The Guide to Physical Therapist Practice provides the framework for describing physical therapist practice. Included among the described interventions are manual therapy techniques, which encompass mobilization/manipulation, defined as comprising a continuum of skilled passive movements to the joints and/or related soft tissues that are applied at varying speeds and amplitudes, including a small-amplitude and high-velocity therapeutic movement commonly referred to as Thrust Joint Manipulation(TJM).
Documentation of TJM being part of physical therapy practice dates back to the beginning of the profession in the 1920's. From 1921 to 1936 there where at least 21 professional journal articles and book reviews in the PT literature on the subject of spinal manipulation.
In the 1960s, several physical therapists emerged as international leaders in the practice and instruction of manipulation. Freddy Kaltenborn from Norway, Geoffrey Maitland from Australia, Robin McKenzie and Stanley Paris from New Zealand are among the most famous of these pioneers. Numerous PT’s from all over the world have since been trained by these influences and their disciples through numerous professional and post professional programs in the US and abroad.
The first guideline to recommend Thrust Joint Manipulation (TJM) for acute low back pain was that of the United States Agency for Health Care Policy and Research which ranked the evidence for manipulation higher than the evidence for any other treatment included in the review.

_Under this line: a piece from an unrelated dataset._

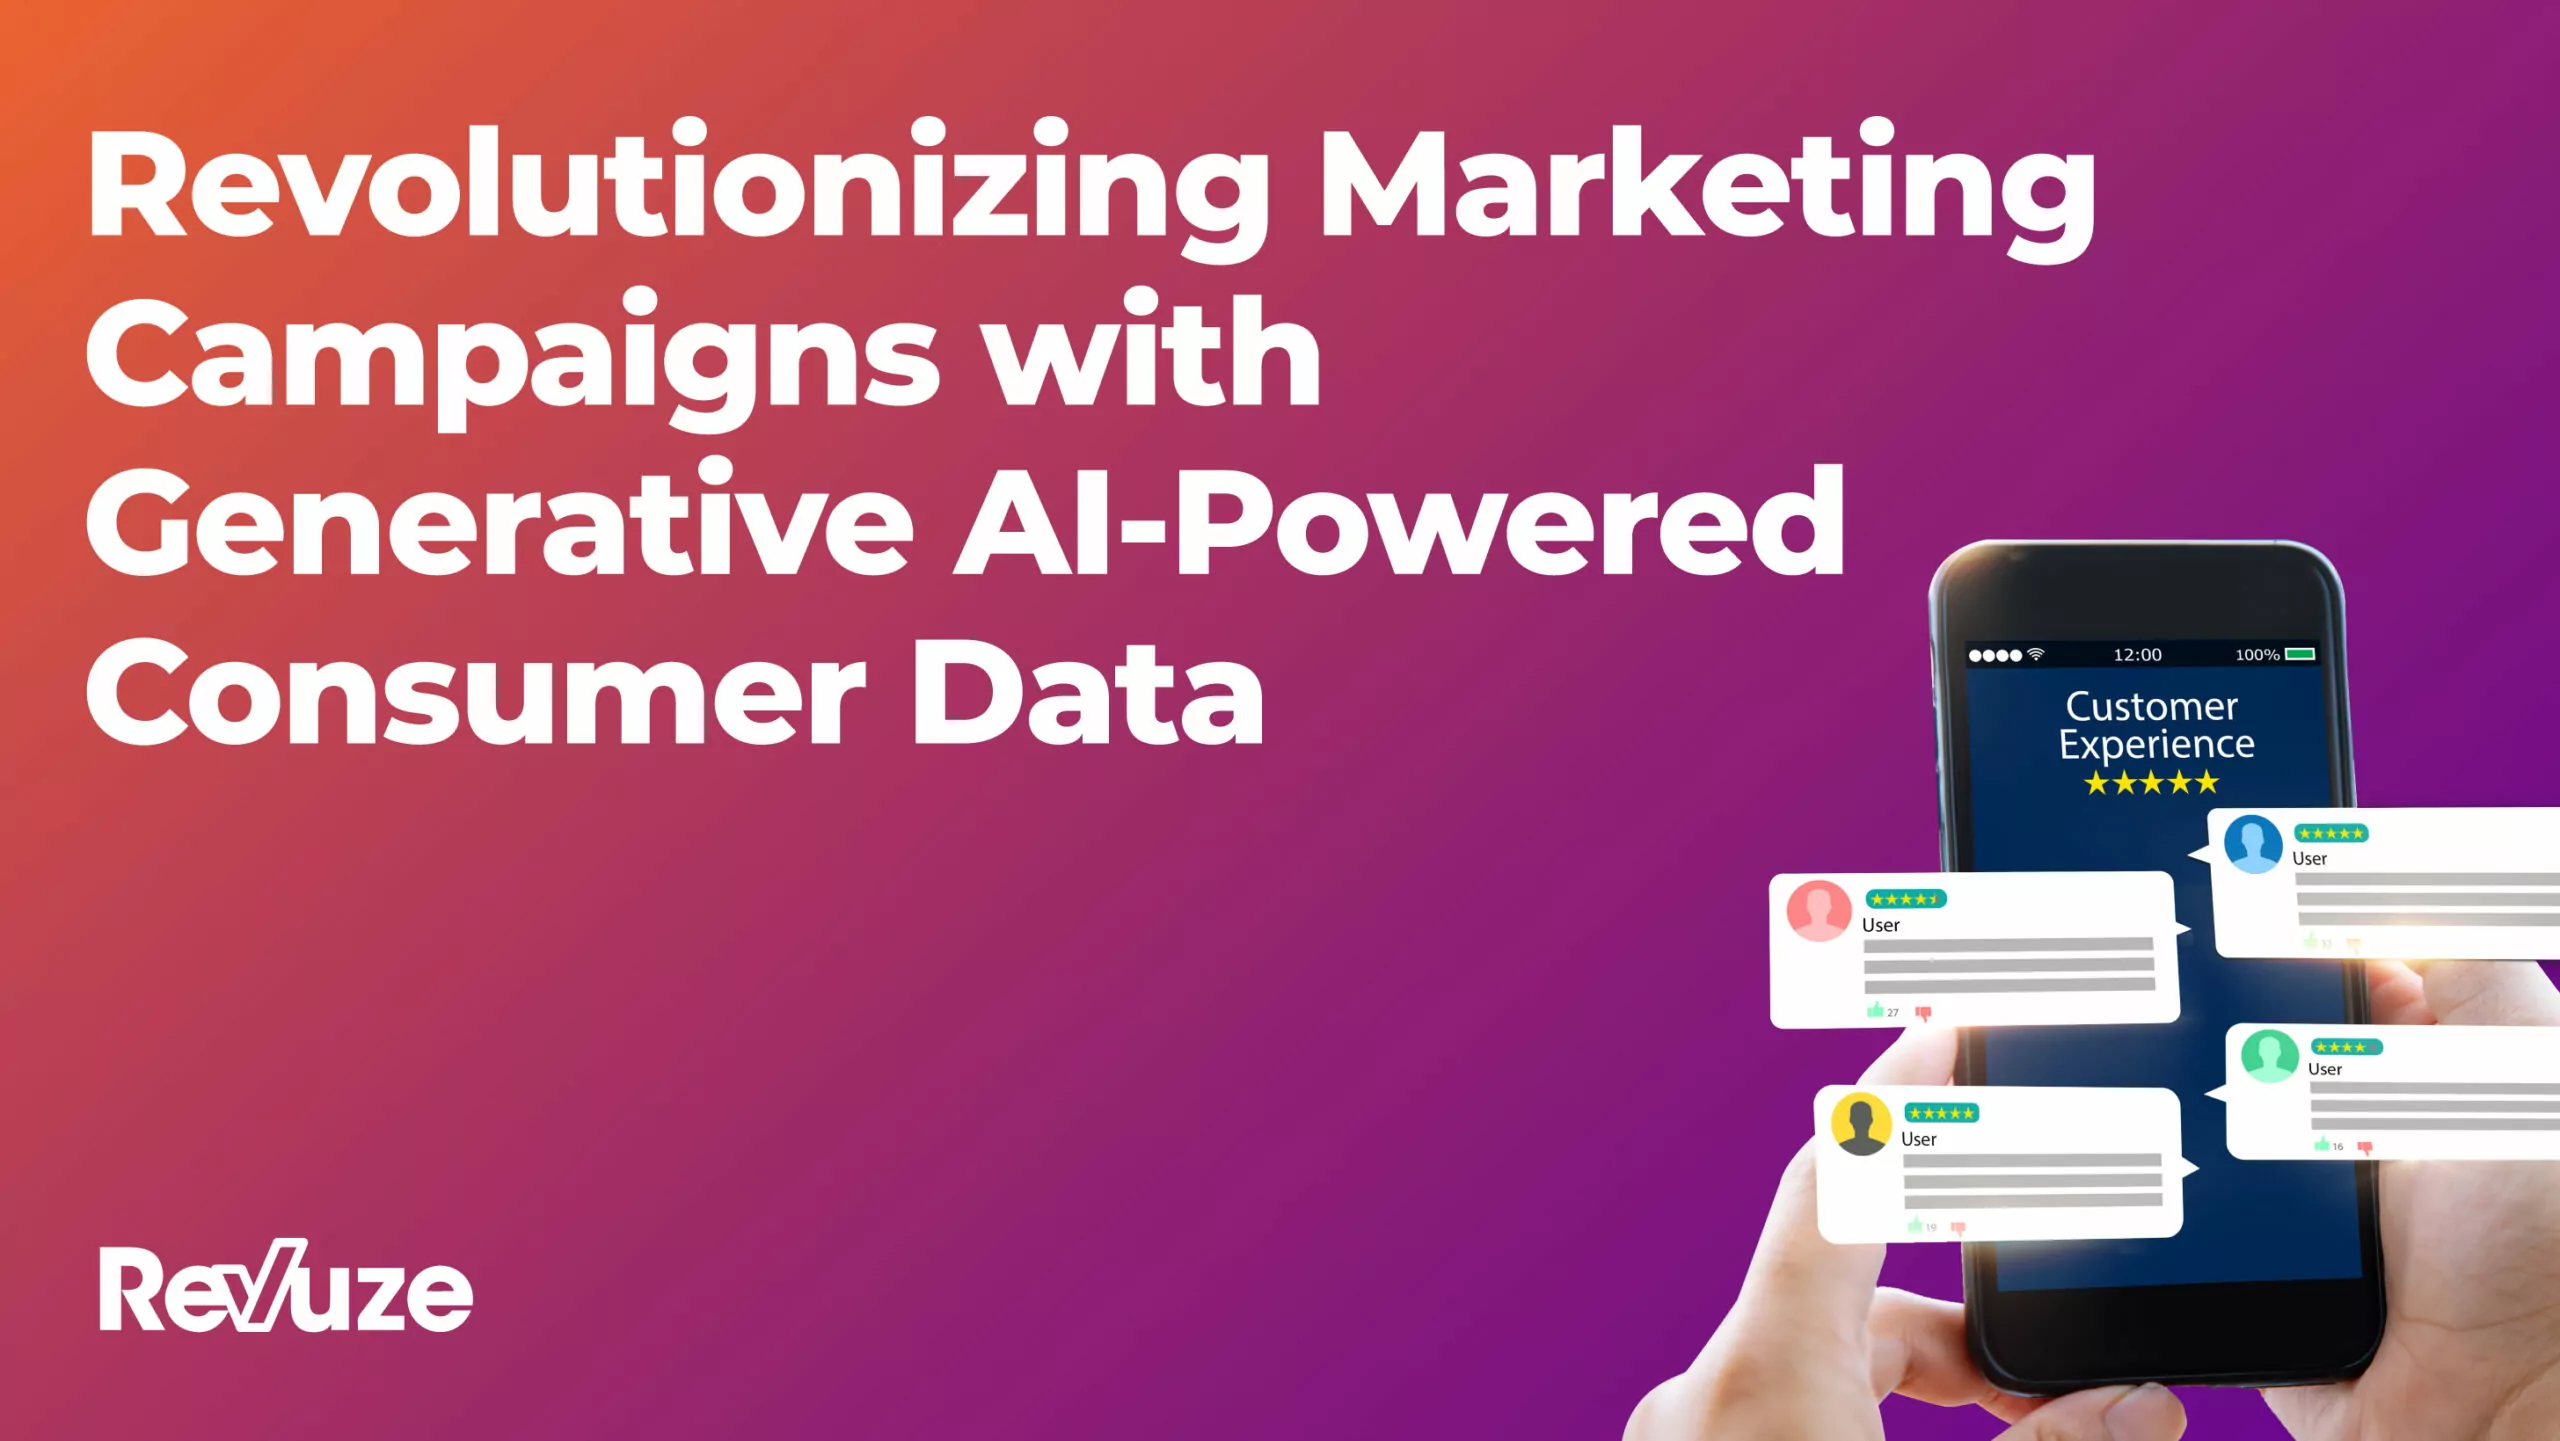 Revolutionizing Marketing Campaigns with Generative AI-Powered Consumer Insights

An Interesting side note is that of the 27 studies used in this guideline 44% of the studies used PT’s to perform the TJM,18% were performed by chiropractors, the remaining 38% of the studies cited used osteopaths or medical doctors to perform the TJM.

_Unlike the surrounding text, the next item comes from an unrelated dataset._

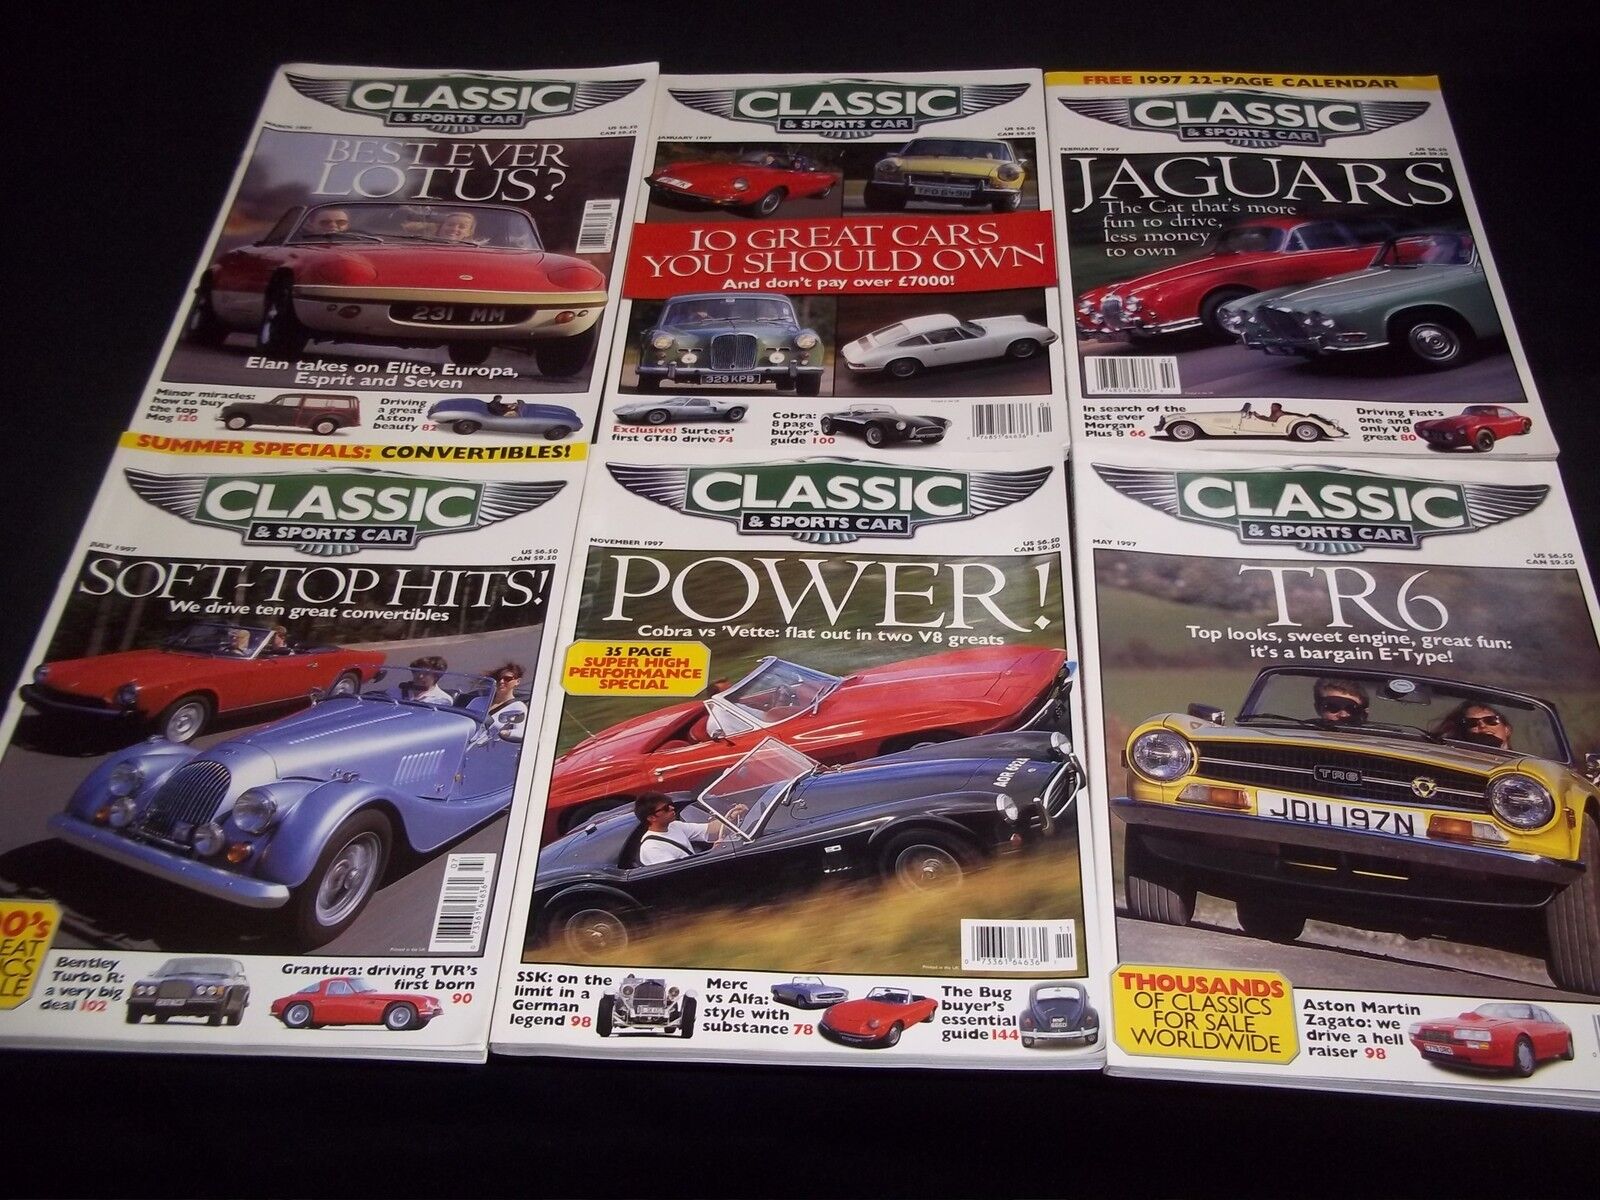 1997 CLASSIC & SPORTS CAR MAGAZINE LOT OF 10 ISSUES - NICE COVERS - M 625

PTs also are leaders in TJM research for patients with neck pain. The neck pain clinical practice guidelines also tend to support a multifaceted treatment approach that combines non-thrust or thrust manipulation with specific therapeutic exercise programs. Recent research completed by PTs supports the use of TJM techniques for the thoracic spine as part of the treatment for neck pain, and the combination of specific exercise with manual physical therapy for treatment of neck pain and headaches.
The fact that physical therapist researchers and clinicians are leading the way in demonstrating the effectiveness of TJM further illustrates that PTs are safe and effective providers of TJM for treatment of spinal disorders.The argument of who should provide manipulation to those in need is a turf battle primarily initiated by the chiropractic profession. In reality several medical professionals have adequate training to provide TJM among the short list would be the MD. DO, DC, and PT.
In the daily treatment of spinal pain in my practice TJM is only a small part of my management of spinal disorders. I tend to focus on active interventions that involve the patient’s own movements and participation. I use passive treatments such as TJM sparingly for those who are having difficulty managing or abolishing their symptoms with less aggressive techniques. I choose to do this to avoid dependency on the hands of the clinician and to empower my patients to take control of their own care. I find only a small percentage of the spinal patients I see actually require a manual technique such as TJM to resolve their pain. The vast majority if given the opportunity can be taught exercises that are as effective if not more effective in relieving pain. None the less I have the training and experience to provide TJM if necessary and the medical profession and the general population should be aware of this.